Shares of York-based house building giant Persimmon plc fell about 5% on Wednesday after it published a trading update ahead of its final results for the year ended December 31, 2020, showing revenue fell 9% to £3.33 billion and sales slowed “towards more normalised levels.”
New home completions were 13,575, down from 15,855 in 2019.
Persimmon said: “The group’s average weekly sales rate during the final quarter of the year trended towards more normalised levels from the elevated rate seen over the summer months, the latter having been supported by the group’s prior investment in stock and a degree of pent up demand.
“As a result, the group’s sales levels over more recent weeks reflect lower active outlet numbers and some constraints on stock availability, together with delays to reservations while first time buyers awaited the opening of the new Help to Buy scheme on 16 December 2020.”
Forward sales at December 31 were £1.689 billion, about 25% ahead of last year.
Persimmon said its liquidity remains strong with cash balances of £1.2 billion after returning £351 million to shareholders during the year.
Persimmon CEO Dean Finch said: “Against the backdrop of the unprecedented challenges of 2020, Persimmon produced a robust performance for the year, as we continued to deliver the new homes the country needs.
“The group’s strong second half completions were supported by its advanced build coming into the year, an agile and effective response to the Covid-19 pandemic and resilient customer demand …
“Recent events have served to further demonstrate the continuing near term uncertainties arising from the Covid-19 pandemic.

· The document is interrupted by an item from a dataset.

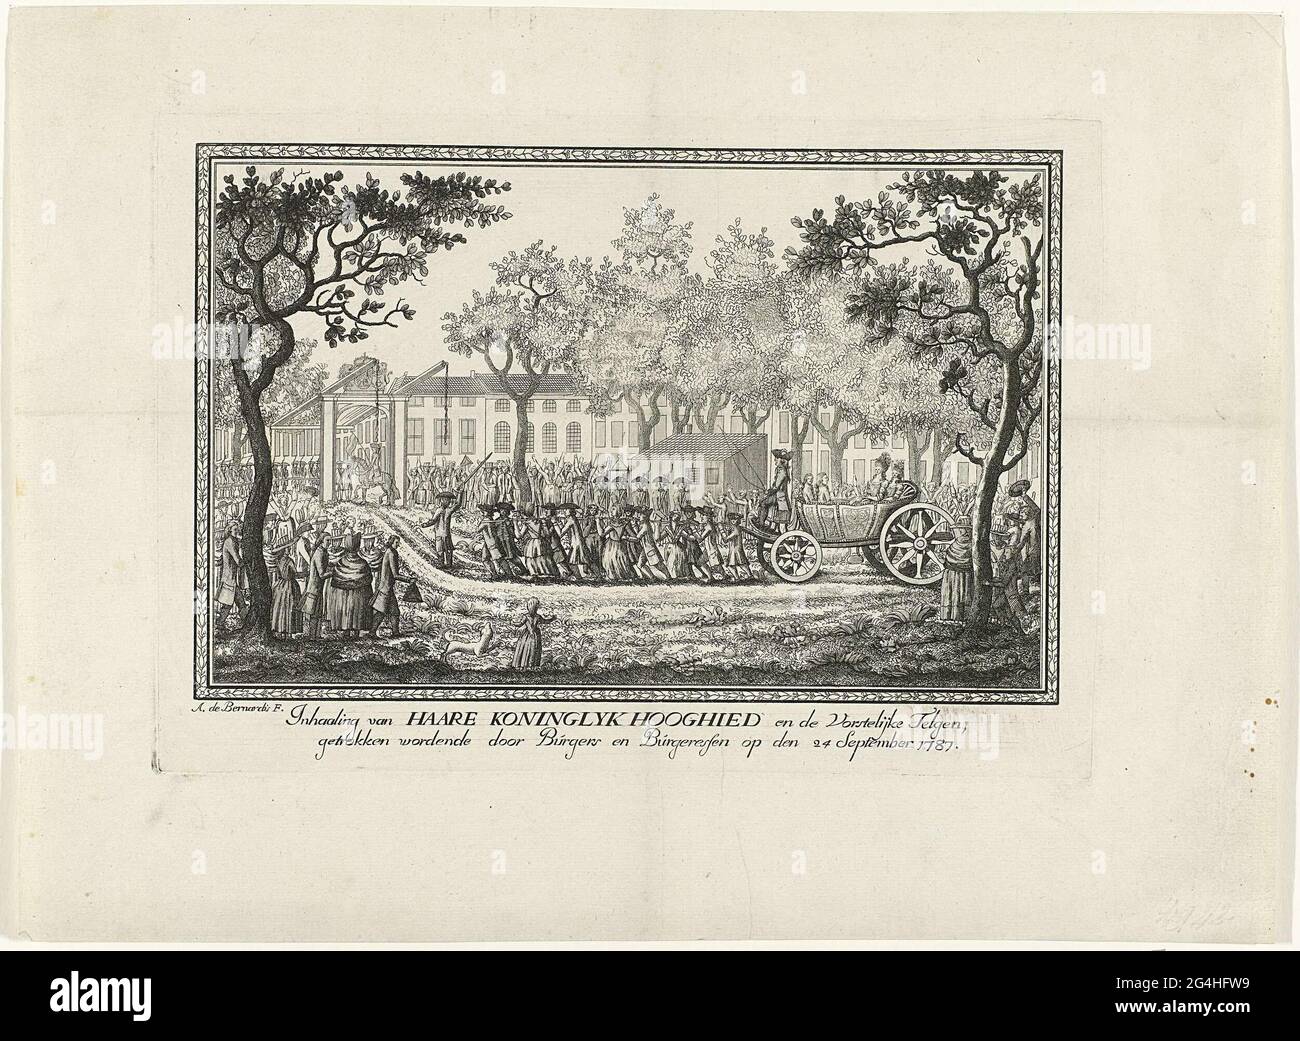 . Raying of the Princess of Orange and the children by the Burgerij in The Hague, 24 September 1787. The open carriage with the royal family is pulled by men and women over the road to the Bosch Bridge. With decorated frame. Stock Photo

“However, we believe that the longer term fundamentals of the UK housing market remain resilient and I am confident Persimmon will continue to deliver superior long term value for all of its stakeholders.”
Steve Clayton, Manager of the Hargreaves Lansdown Select UK Income Shares fund, which holds a position in Persimmon said: “Persimmon enjoyed a strong bounce-back when pandemic-driven restrictions on trading were lifted mid-year.
“Since then it has bolstered its balance sheet through robust cash generation and a forward sales position of roughly half a year’s expected revenues.
“At this stage, with the end of the stamp duty holiday in sight, taking a cautious view of the immediate outlook is the right approach, but we have seen more bullish outlooks from some of the group’s rivals.
“Persimmon have also left investors waiting until their full year results in early March for news on the group’s dividend intentions.
“So perhaps no surprise then to see the shares a little weaker in early trading.”